Merrick Garland on the Biden administration’s gun policy agenda: “As long as it is consistent with the law.” In his first Senate confirmation hearing, the attorney general nominee largely demurred on his own gun policy preferences by saying he would work to enforce existing laws — including keeping people barred from having guns from obtaining them — and ensure any new laws or actions are legally sound. On police reform: Garland expressed support for the Department of Justice’s role in pursuing local accountability: “I think police accountability is an essential element of the ability of a police department to have credibility with the community.” His first priority as AG: Garland named the ongoing investigation into Capitol insurrectionists.
Pro-gun reform group calls on Biden to appoint national director of gun violence prevention. The advocacy group March for Our Lives, which had a virtual meeting with White House officials last week, wants the position to have cabinet-level authority. The group is also pushing the administration to fulfill a campaign pledge to spend $900 million on a federal grant program for community anti-violence programs.
Illinois governor signs wide-ranging criminal justice reform bill. The legislation includes provisions that would outfit every police officer with body cameras, require officers to intervene if their colleagues use excessive force, eliminate cash bail, and, in Chicago’s Cook County, assign special prosecutors for police killings.
The application of gun restrictions for protective orders. Last month, my colleague Ann Givens reported on the 13 states where a judge decides whether the subject of a temporary protection order is allowed to have firearms. In Michigan, one of four states we looked at, there is wide variation from county to county. The Lansing State Journal follows up on the process in Ingham County, home of the state capital of Lansing, where there seemed to be little correlation between whether a person asked for a firearms restriction for an alleged abuser and whether they received one. “We’re inclined to only issue restrictions on someone’s liberty interests that are narrowly tailored to the facts as we get them,” a local judge tells the paper about officials like him being hesitant to restrict gun possession.

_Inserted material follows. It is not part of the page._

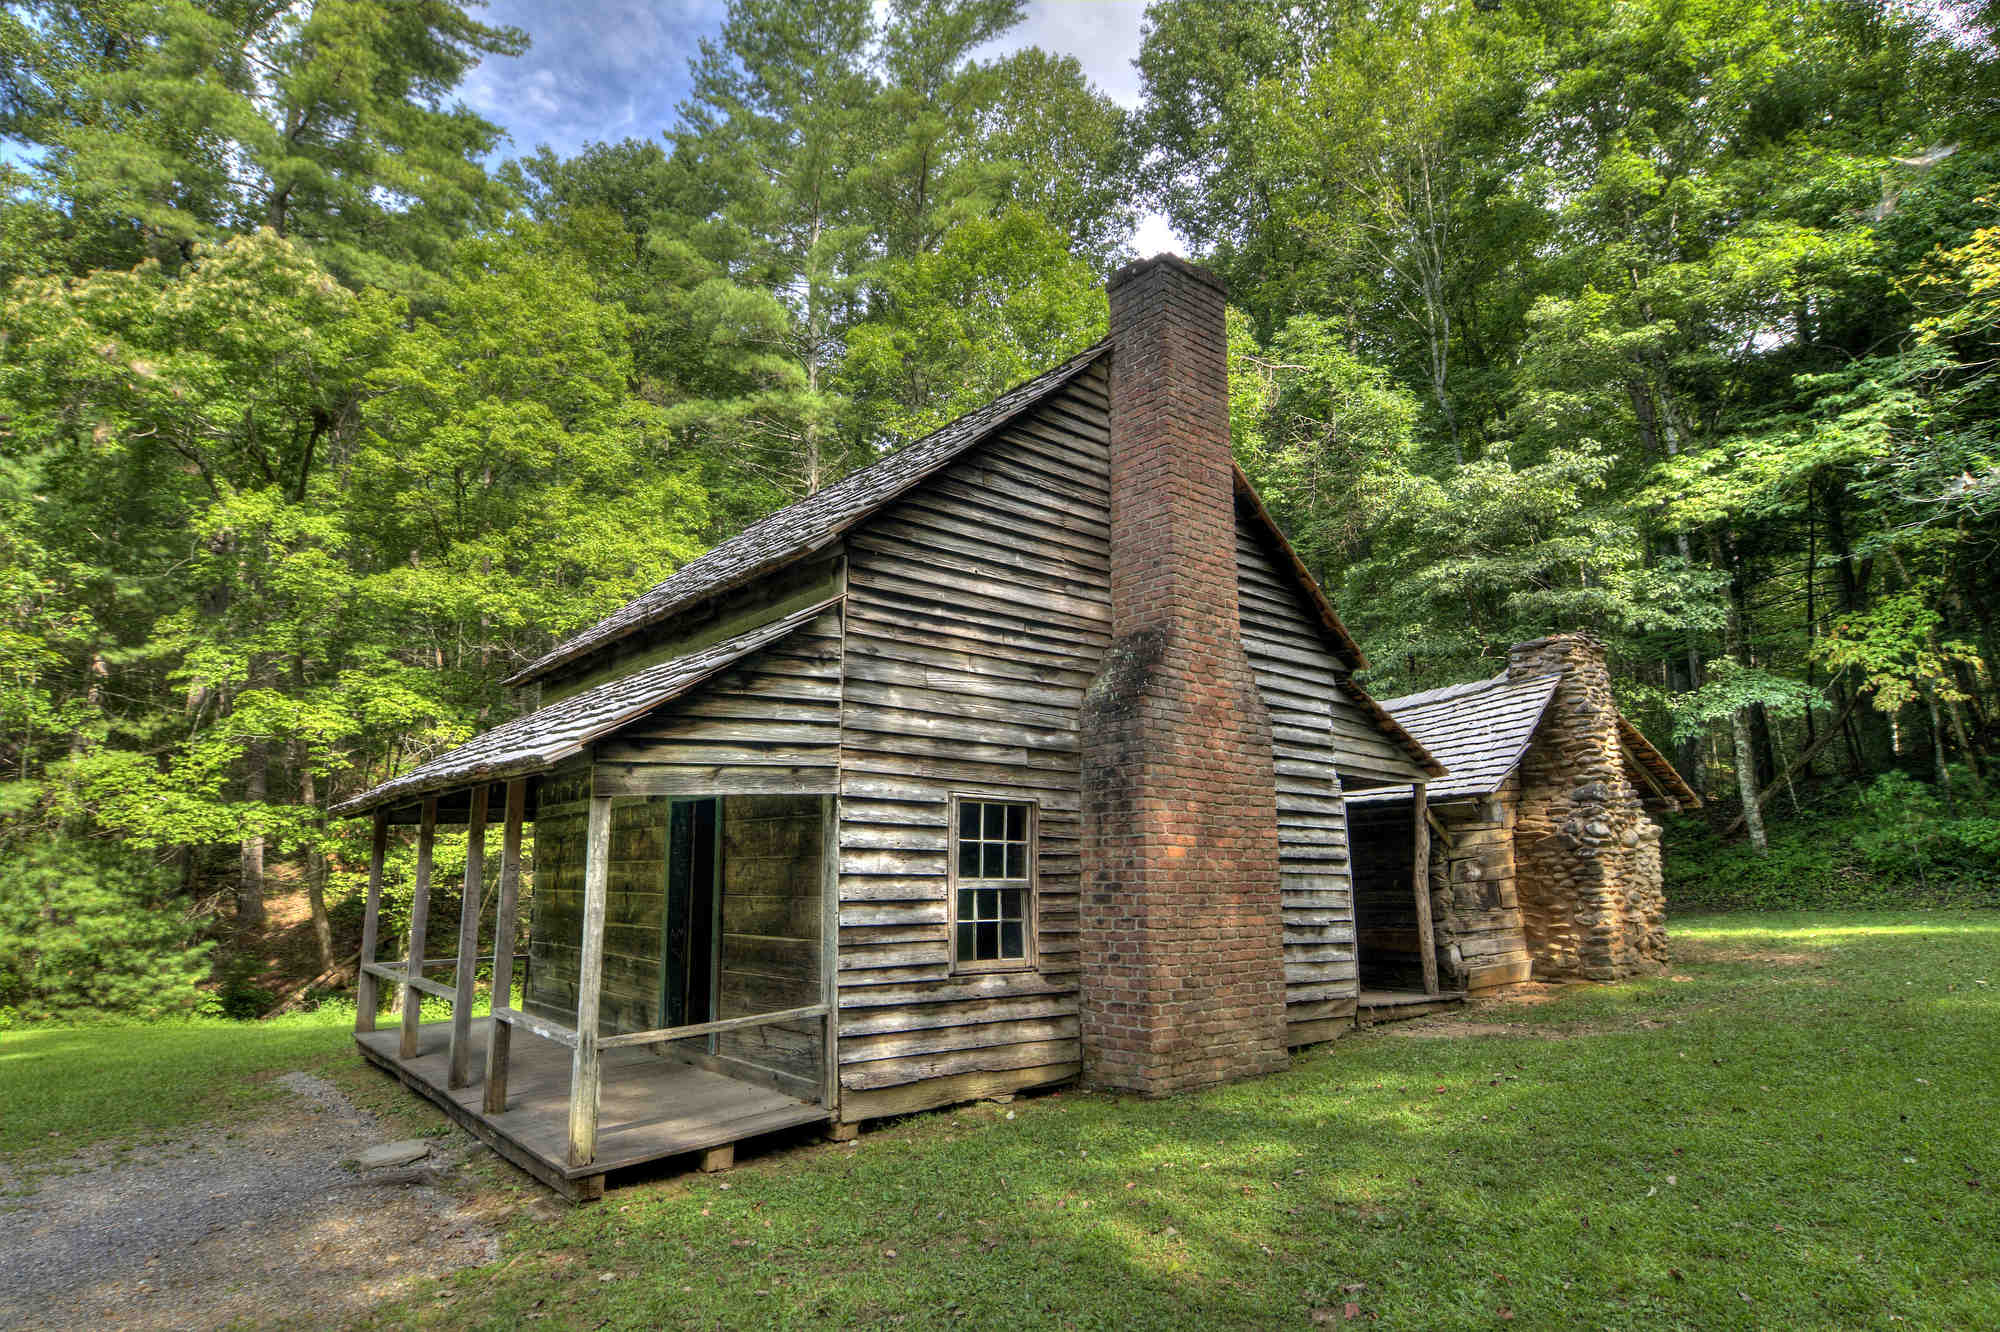 An old log cabin at the end of a gravel path in Cades Cove in Great Smoky Mountains National Park.

The Trace welcomes new faces. We’re pleased to announce that Joy Resmovits starts this week as senior editor for local impact, and Mike Spies has returned as a senior staff writer who will report on the NRA and other subjects.
Data Point
126 — the number of unserialized ghost guns Baltimore Police recovered in 2020, a 400 percent year-over-year increase. Maryland legislators have proposed legislation that would attempt to register such firearms. [The Baltimore Sun]
The top item previously included the authors’ estimate that 2020’s surge in gun sales may have provided “half a million more weapons available for use in crimes.” In coming to that figure, they stated that ATF figures showed that 10 percent of all guns are used in a crime within six months of purchase. But the ATF data referred only to crime guns, not all guns. We have updated it to reflect changes made to the original piece.